在多个文件上查找和替换多个查询的最佳方法是什么? [英] What is the best way to do a find and replace of multiple queries on multiple files?

查看:58
本文介绍了在多个文件上查找和替换多个查询的最佳方法是什么?的处理方法,对大家解决问题具有一定的参考价值,需要的朋友们下面随着小编来一起学习吧!

问题描述

我有一个超过 200 行的这种格式的文件:

I have a file that has over 200 lines in this format:

name old_id new_id

这个名称对于我目前正在尝试做的事情没有用,但我仍然希望它在那里,因为它可能对以后的调试有用.

The name is useless for what I'm trying to do currently, but I still want it there because it may become useful for debugging later.

现在我需要遍历文件夹中的每个文件并找到所有 old_id 的实例并将它们替换为 new_id.我正在扫描的文件是可能长达数千行的代码文件.我需要使用我拥有的 200 多个 ID 中的每一个扫描每个文件,因为有些可能在多个文件中使用,并且每个文件多次使用.

Now I need to go through every file in a folder and find all the instances of old_id and replace them with new_id. The files I'm scanning are code files that could be thousands of lines long. I need to scan every file with each of the 200+ ids that I have, because some may be used in more than one file, and multiple times per file.

执行此操作的最佳方法是什么?到目前为止,我一直在创建 python 脚本来找出旧 id 和新 id 的列表以及哪些相互匹配,但我一直在这样做非常低效,因为我基本上是逐行扫描第一个文件并得到当前行的当前 id,然后我将逐行扫描第二个文件,直到找到匹配项.然后我对第一个文件中的每一行都重新做了一遍,最终我大量阅读了第二个文件.我不介意这样做效率低下,因为它们是小文件.

What is the best way to go about doing this? So far I've been creating python scripts to figure out the list of old ids and new ids and which ones match up with each other, but I've been doing it very inefficient because I basically scanned the first file line by line and got the current id of the current line, then I would scan the second file line by line until I found a match. Then I did this over again for each line in the first file, which ended up with my reading the second file a lot. I didn't mind doing this inefficiently because they were small files.

现在我正在搜索大约 30-50 个文件,其中可能包含数千行代码,我希望它更高效一些.这只是一个业余爱好者的项目,所以不需要超级好,我只是不希望它花超过5分钟的时间来查找和替换所有内容,然后查看结果,发现我犯了一个小错误并且需要从头再来.花几分钟时间是可以的(尽管我相信现在的计算机仍然可以几乎立即完成),但我只是不希望它变得荒谬.

Now that I'm searching probably somewhere around 30-50 files that can have thousands of line of code in it, I want it to be a little more efficient. This is just a hobbyist project, so it doesn't need to be super good, I just don't want it to take more than 5 minutes to find and replace everything, then look at the result and see that I made a little mistake and need to do it all over again. Taking a few minutes is fine(although I'm sure with computers nowadays they can do this almost instantly still) but I just don't want it to be ridiculous.

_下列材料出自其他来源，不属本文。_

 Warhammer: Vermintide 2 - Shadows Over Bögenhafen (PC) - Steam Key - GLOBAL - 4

那么这样做的最佳方法是什么?到目前为止,我一直在使用 python,但它不需要是 python 脚本.我不关心代码中的优雅或我做的方式或任何事情,我只是想要一种简单的方法,使用任何最容易使用或实现的工具将我的所有旧 ID 替换为我的新 ID.

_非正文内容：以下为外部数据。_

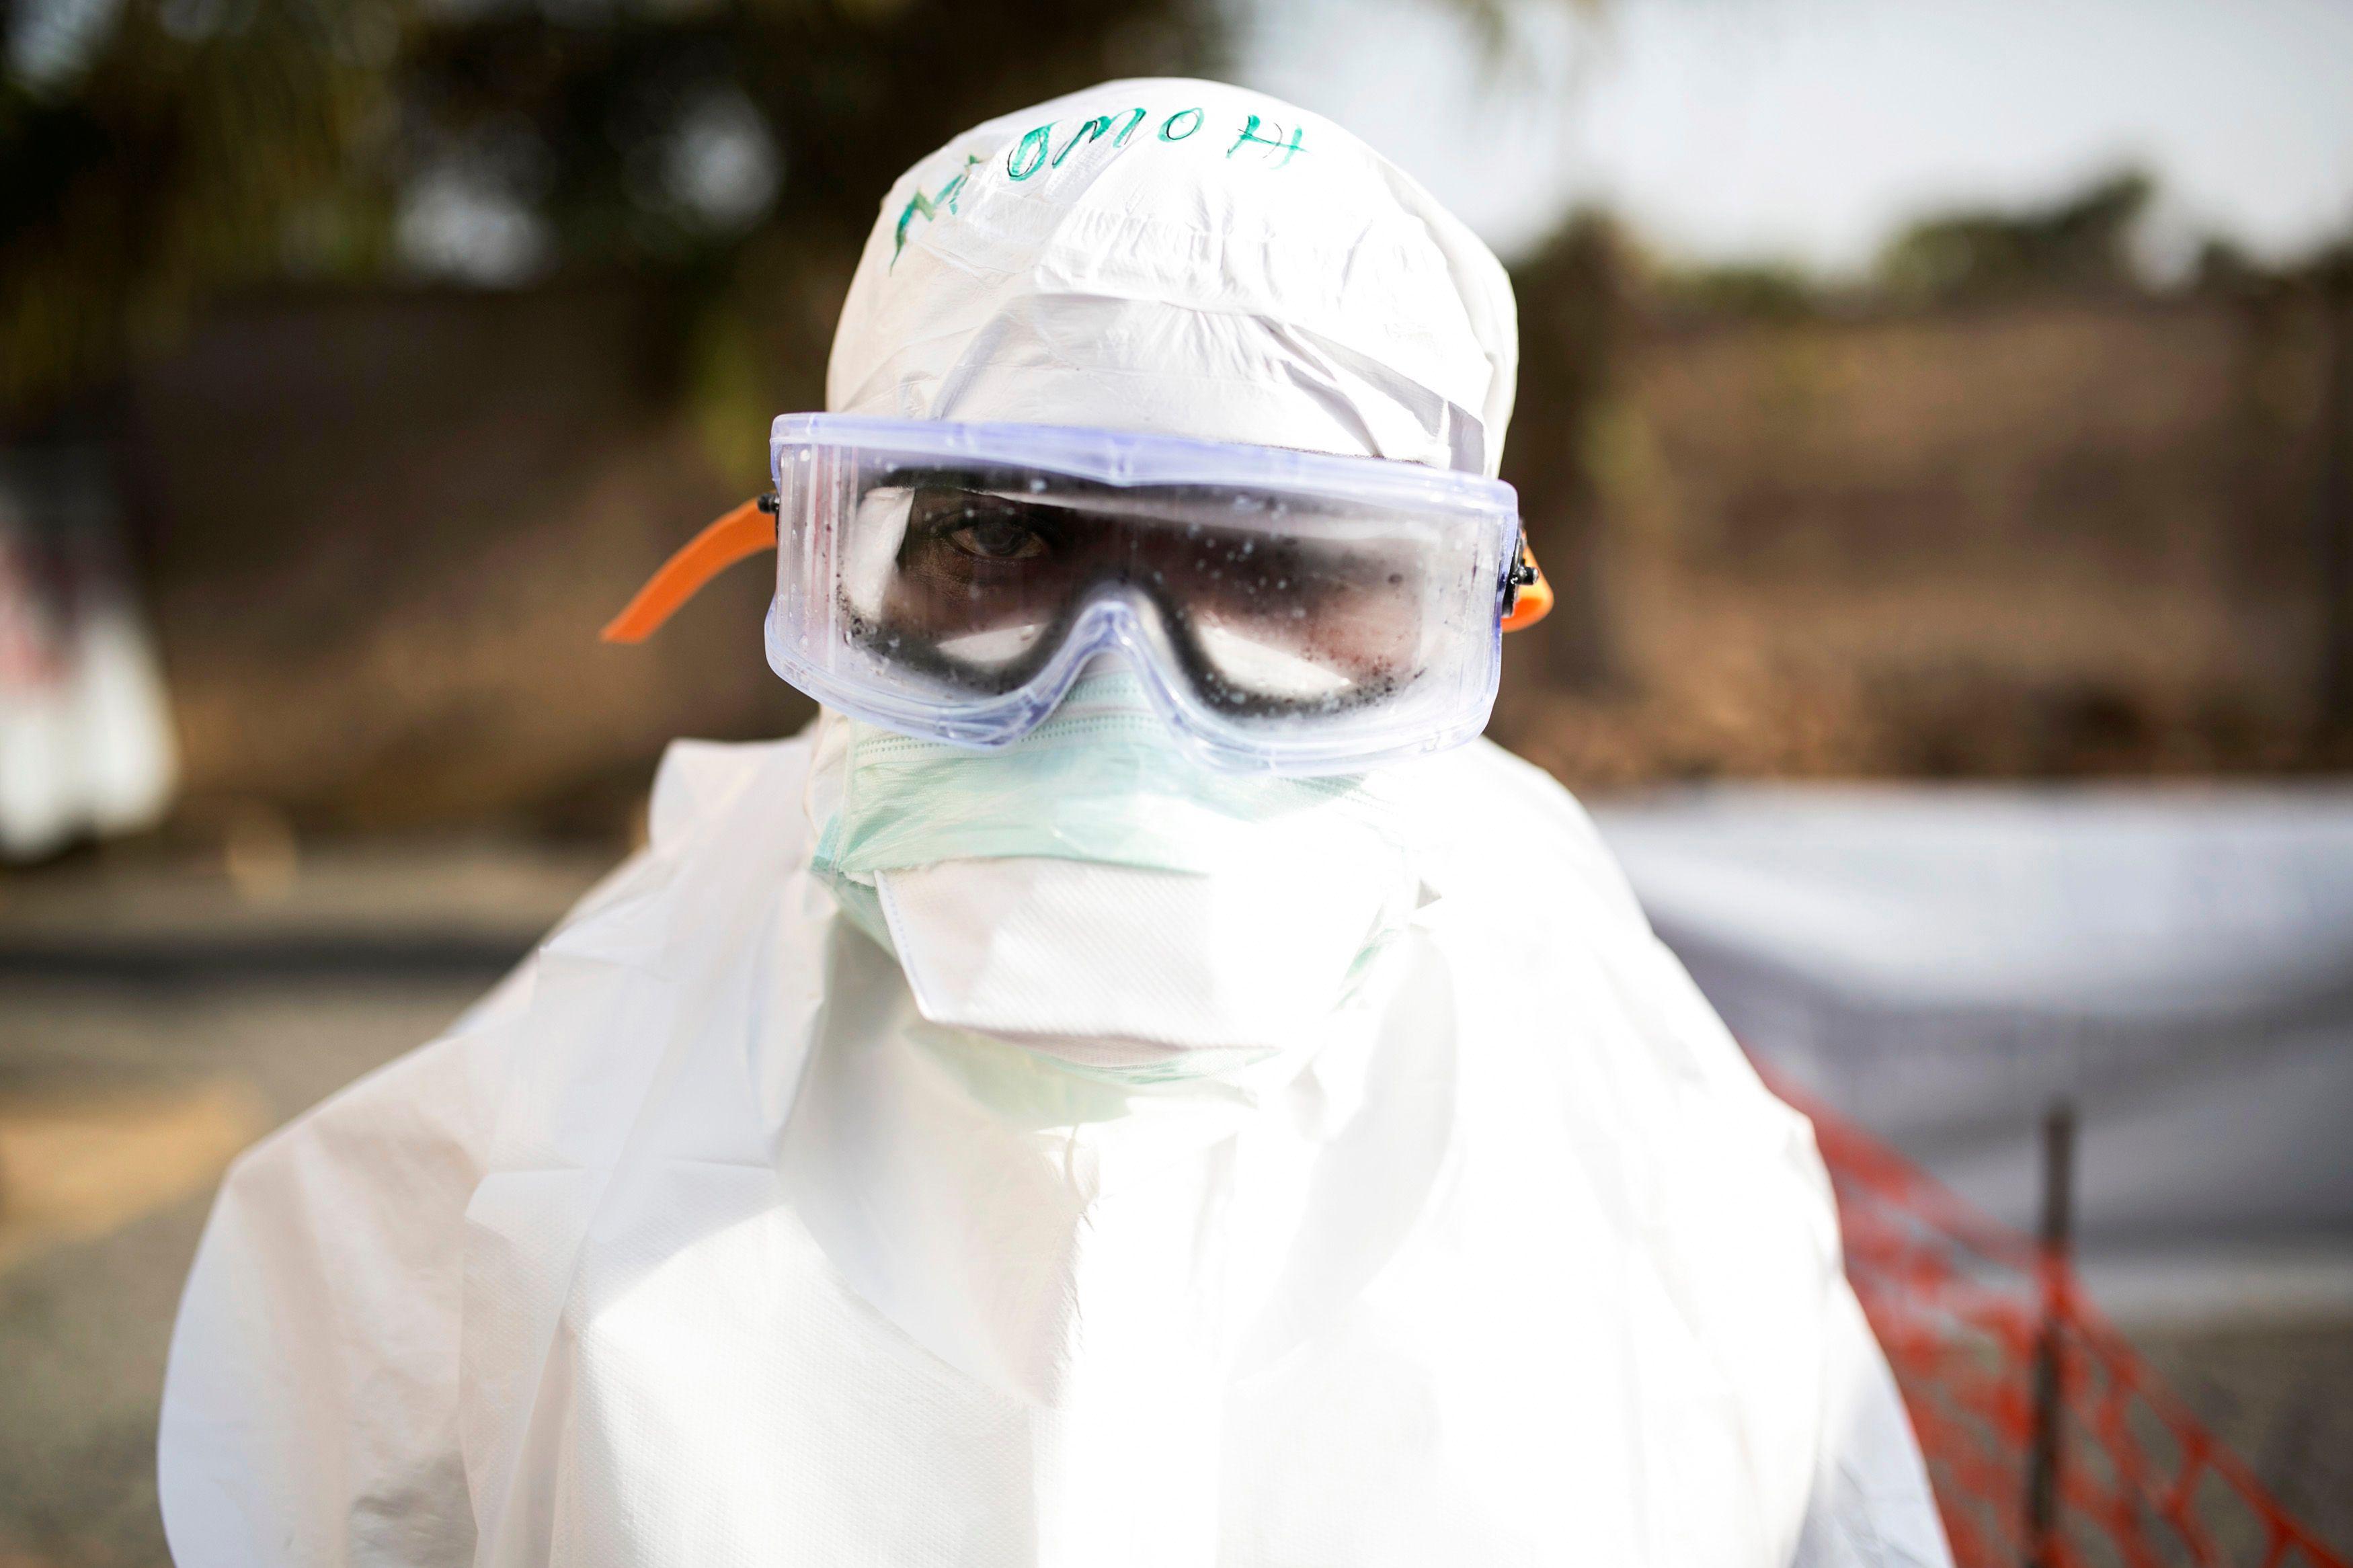 Ebola : nouveau cas détecté en Sierra Leone alors que l'OMS venait d'annoncer la fin de l'épidémie

So what's the best way to go about doing this? So far I've been using python but it doesn't need to be a python script. I don't care about elegance in the code or way I do it or anything, I just want an easy way to replace all of my old ids with my new ids using whatever tool is easiest to use or implement.

示例:

这是 id 列表中的一行.第一部分是名称,可以忽略,第二部分是旧id,第三部分是需要替换旧id的新id.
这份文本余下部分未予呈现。